Saturday, 22 February 2020

An Exhibition in Richmond, Virginia, in 1943


A few years ago I was trying to find out what leaves and cuttings are in Virginia, so I contacted the Virginia Museum of Fine Arts about an exhibition catalogue that seemed not to be available in any London library:
The archivist Courtney Yevich Tkacz very kindly sent me a scan of it. (It has since been put online here). Looking at it again this week, I noticed several connections with recent blogs.
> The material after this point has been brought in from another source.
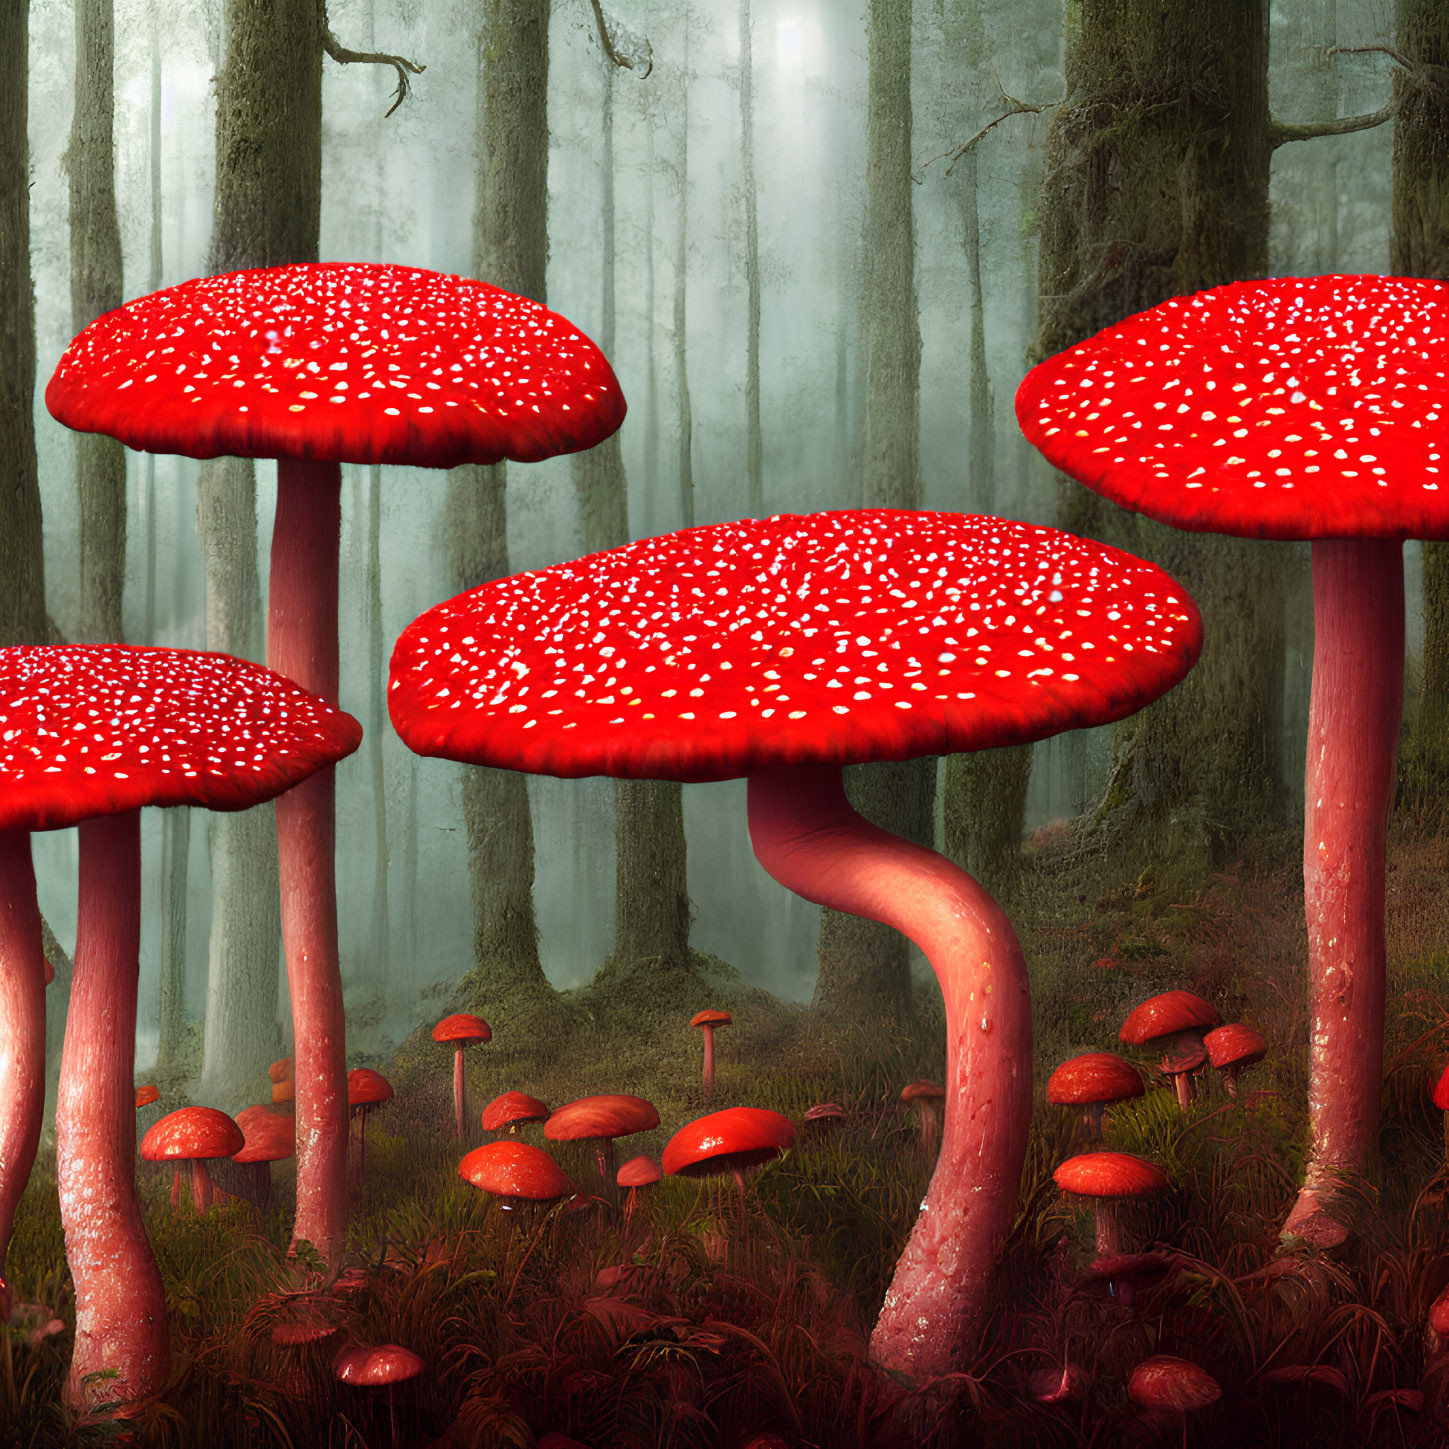 Enchanted forest scene with red-capped mushrooms

The catalogue introduction is by the classicist Herbert C. Lipscomb [biographical notes], and he was a lender, e.g. no. 26:

This leaf is now part of the collection at Randolph College, Lynchburg, where he taught for more than 40 years, with the decapitation of Paul on one side and the upside-down Crucifixion of Peter on the other:

There are plenty of loans from Otto Ege, as one might expect at this date, including a Beauvais Missal leaf:
 and a sixty-leaf set of "Nine centuries of Pages from the Bible":

No. 25 was lent by Jacob Hirsch, and was acquired by the Art Institute, Chicago, the following year:
One side is shown at the top of this page, the other side is reproduced in the blogpost here. It was subsequently lent to the 1953-54 Los Angeles exhibition discussed in this recent blog:

No. 39 was the fake miniature of Abelard, in Detroit, discussed here:

No. 46 ought to be identifiable, but I cannot at present think what it might be (although the subject sounds suspiciously as if it might be by the Spanish Forger):
"From a treatise on the Art of Magic Potions.
Obverse, full-page miniature presenting ladies playing a game or in conversation, a page attending."
One name that figures often as a lender in 1943 is Piero Tozzi, of New York; e.g. nos. 29-32:
He re-lent at least one item to the 1953-54 Los Angeles exhibition; for example, no. 29 above was no. 30 a decade later, now re-attributed from Venice to Padua:

No. 58 in the Virginia exhibition, said to be from an antiphonary from Siena cathedral illuminated by Sano di Pietro, was lent by Jacob Hirsch:
This became no. 107 in Los Angles:
It is now one of very few illuminated manuscripts at the Barber Institute of Art, Birmingham:

In fact, there seems to be so much overlap between the 1943 Virginia exhibition and the 1953-54 Los Angeles ones, especially in the exhibits lent by institutions, that I suspect the latter used the catalogue of the former as a source of inspiration for potential loans.



EDIT, 29 Sept 2020

The Barber Institute cutting was no. 122 in the exhibition of Italian illuminated manuscripts, The Painted Page., where it is attributed to Liberale da Verona, Siena, and dated 1467. Basic data and a hi-res image are here.